Smoking, weight-loss mania is giving women more heart trouble than ever
An increasing number of women are being diagnosed today with heart diseases and associated ailments because of a steady rise in unhealthy lifestyle practises such as smoking, following dangerous weight-loss programmes and not eating a balanced diet, finds a new study.health and fitness Updated: Aug 20, 2016 10:12 IST
An increasing number of women are being diagnosed today with heart diseases and associated ailments because of a steady rise in unhealthy lifestyle practises such as smoking, following dangerous weight-loss programmes and not eating a balanced diet, finds a new study.
Data released by city-based National Heart Institute (NHI) says the number of women patients “admitted to the institute has gone up by 10% in the span of last five years”.

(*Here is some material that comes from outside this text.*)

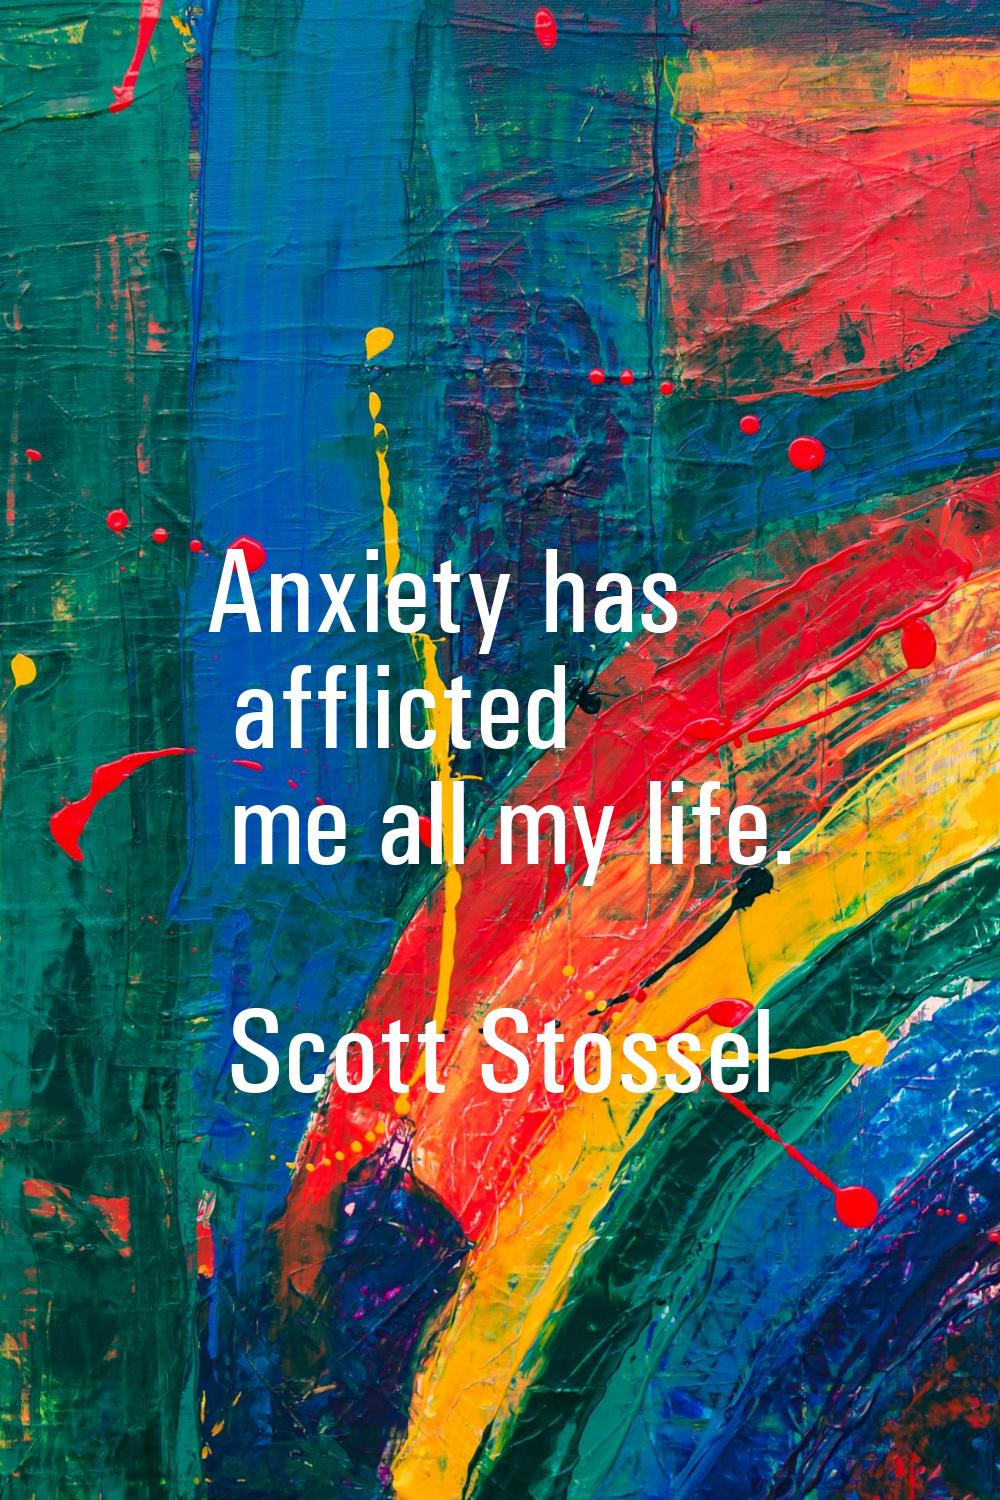 Anxiety has afflicted me all my life.
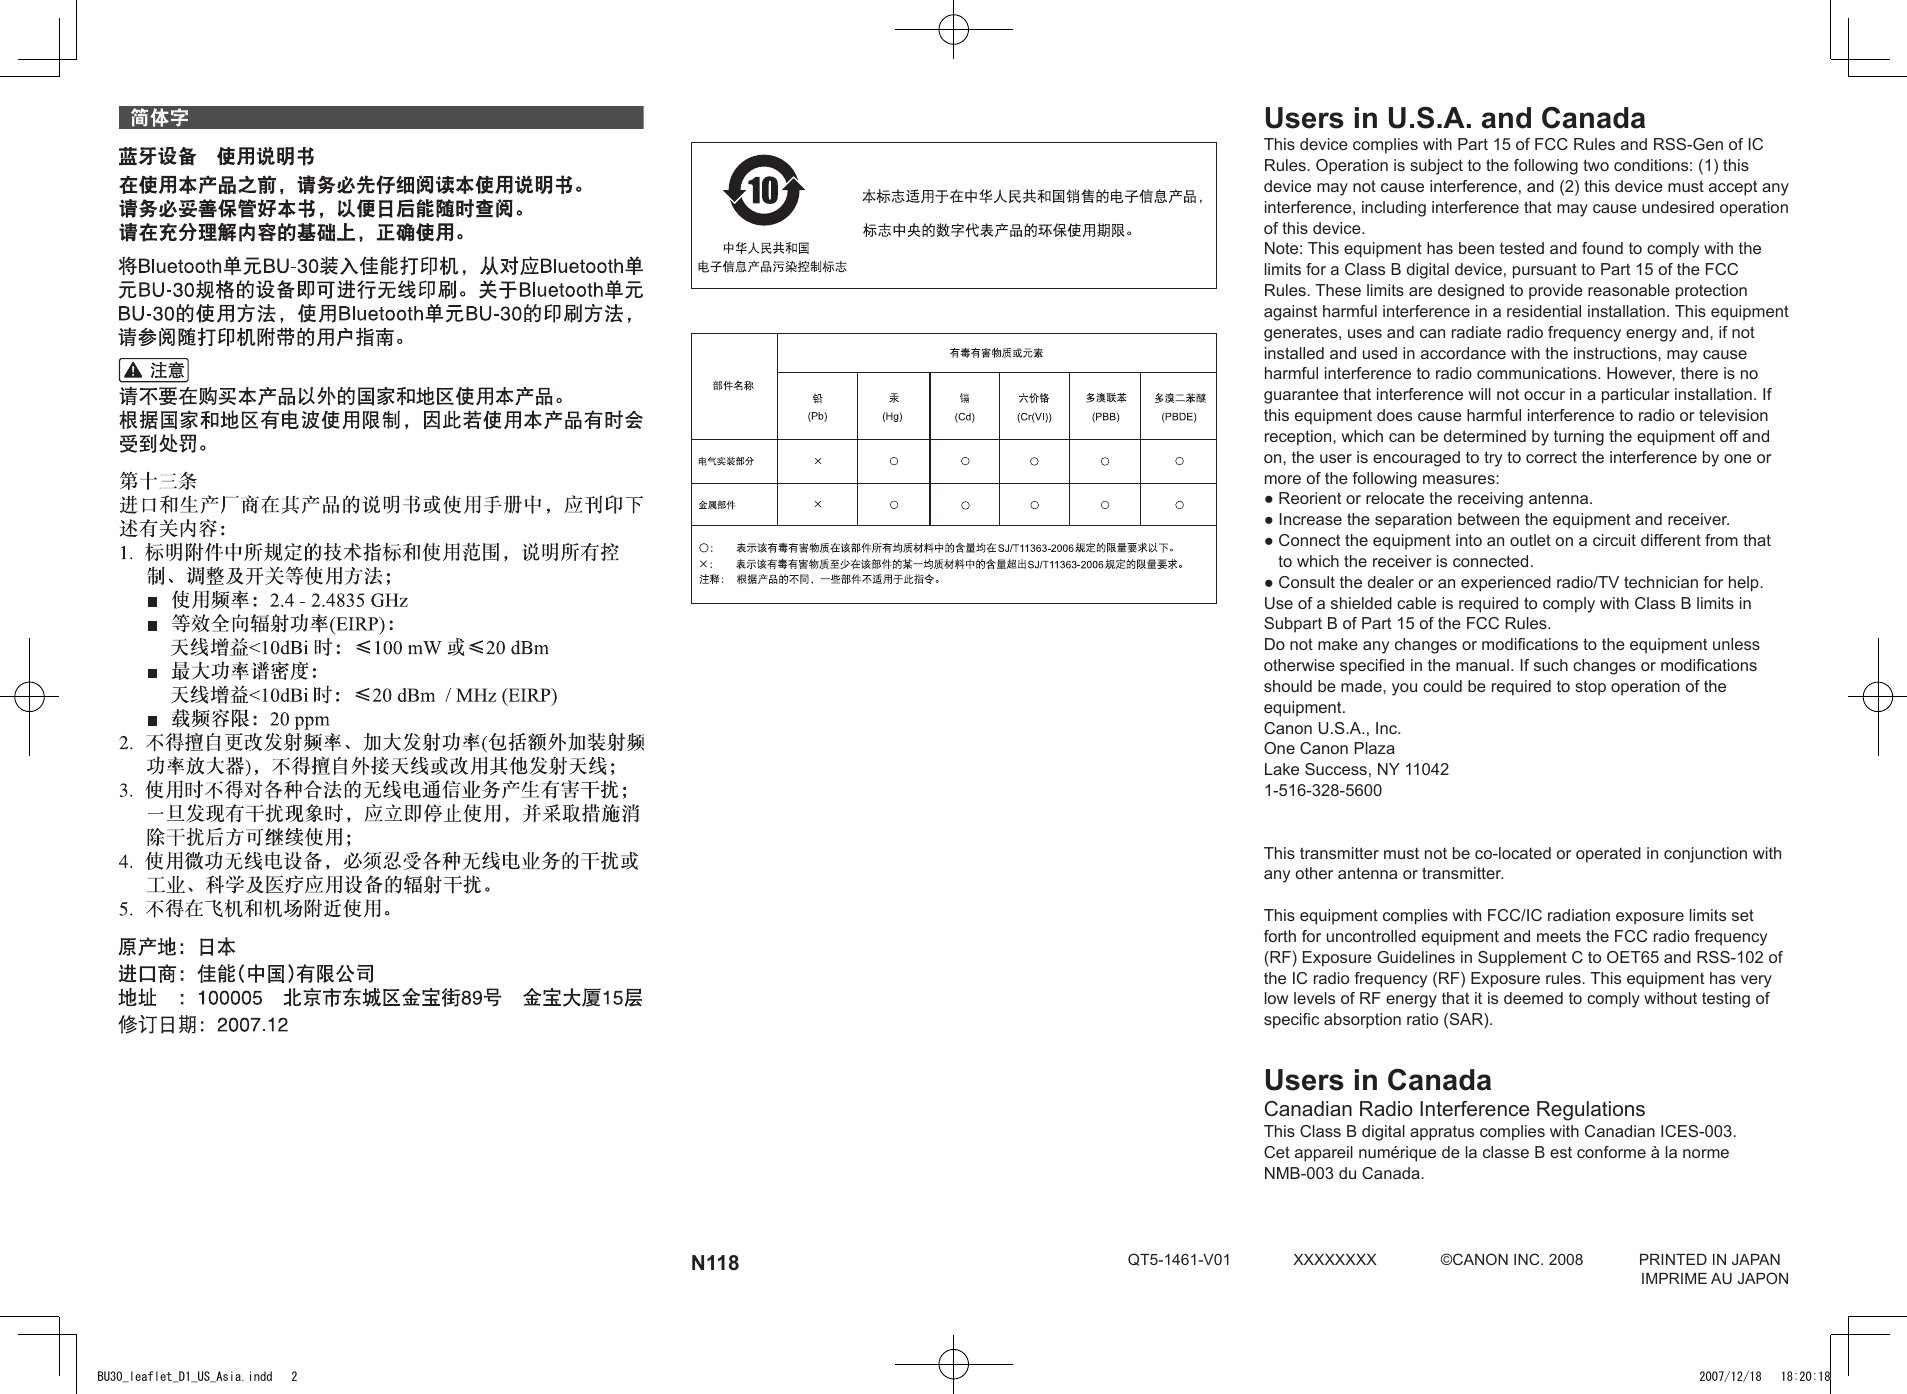 N118 QT5-1461-V01  XXXXXXXX  ©CANON INC. 2008  PRINTED IN JAPAN      IMPRIME AU JAPONUsers in U.S.A. and CanadaThis device complies with Part 15 of FCC Rules and RSS-Gen of IC Rules. Operation is subject to the following two conditions: (1) this device may not cause interference, and (2) this device must accept any interference, including interference that may cause undesired operation of this device.Note: This equipment has been tested and found to comply with the limits for a Class B digital device, pursuant to Part 15 of the FCC Rules. These limits are designed to provide reasonable protection against harmful interference in a residential installation. This equipment generates, uses and can radiate radio frequency energy and, if not installed and used in accordance with the instructions, may cause harmful interference to radio communications. However, there is no guarantee that interference will not occur in a particular installation. If this equipment does cause harmful interference to radio or television reception, which can be determined by turning the equipment off and on, the user is encouraged to try to correct the interference by one or more of the following measures:●  Reorient or relocate the receiving antenna.●  Increase the separation between the equipment and receiver.●  Connect the equipment into an outlet on a circuit different from that to which the receiver is connected.●  Consult the dealer or an experienced radio/TV technician for help.Use of a shielded cable is required to comply with Class B limits in Subpart B of Part 15 of the FCC Rules.Do not make any changes or modifications to the equipment unless otherwise specified in the manual. If such changes or modifications should be made, you could be required to stop operation of the equipment.Canon U.S.A., Inc.One Canon PlazaLake Success, NY 110421-516-328-5600This transmitter must not be co-located or operated in conjunction with any other antenna or transmitter.This equipment complies with FCC/IC radiation exposure limits set forth for uncontrolled equipment and meets the FCC radio frequency (RF) Exposure Guidelines in Supplement C to OET65 and RSS-102 of the IC radio frequency (RF) Exposure rules. This equipment has very low levels of RF energy that it is deemed to comply without testing of specific absorption ratio (SAR).Users in CanadaCanadian Radio Interference RegulationsThis Class B digital appratus complies with Canadian ICES-003.Cet appareil numérique de la classe B est conforme à la norme NMB-003 du Canada.BU30_leaflet_D1_US_Asia.indd   2 2007/12/18   18:20:18

The NHI has based its study on the data for the period June 1, 2012 to August 10, 2016 and 1,20,444 patients.
“In these five years, there has been a 10% increase in heart disease and associated illnesses among women and 28% increase in people below 40 years,” it said.
The premier heart institute’s findings also suggest that more and more pre-menopausal women are being treated for heart diseases due to lifestyle factors.
Voicing his concern over this issue, Dr Vinod Sharma, Head of Cardiology Services at NHI said, “The female hormone estrogen protects women’s heart till menopause. As the hormone levels drop around the age of 50-55, women start to catch up to men in CAD (coronary artery disease) rates.”
“However, today, this trend is changing, and pre-menopausal women are being diagnosed with heart disease. The reasons for this are an upward trend in cigarette smoking, dangerous weight-loss practices, consumption of an unhealthy diet, high-stress levels and less vigilant screening and treatment of heart disease in them,” he said.
NHI, which was established in 1981, says Indians also have a “four-fold” higher prevalence and death risk resulting from a heart attack when compared to population groups in the other parts of the world.
“There is an urgent need to raise mass awareness about the need to make timely lifestyle modifications and adopt effective stress management techniques for we are at more risk than ever before,” Sharma said.
“It has been found that younger people and women stand an elevated risk of getting a heart disease today,” the NHI study says.
Seeking to inculcate healthy lifestyle among young people and raise awareness about coronary diseases, NHI on Tuesday kicked off a year-long outreach programme, as part of which it will target at least one school in Delhi-NCR per week.
NHI is the research and referral tertiary care heart hospital of the All India Heart Foundation, which acts as a nucleus for diagnosis and treatment of heart ailments and allied diseases.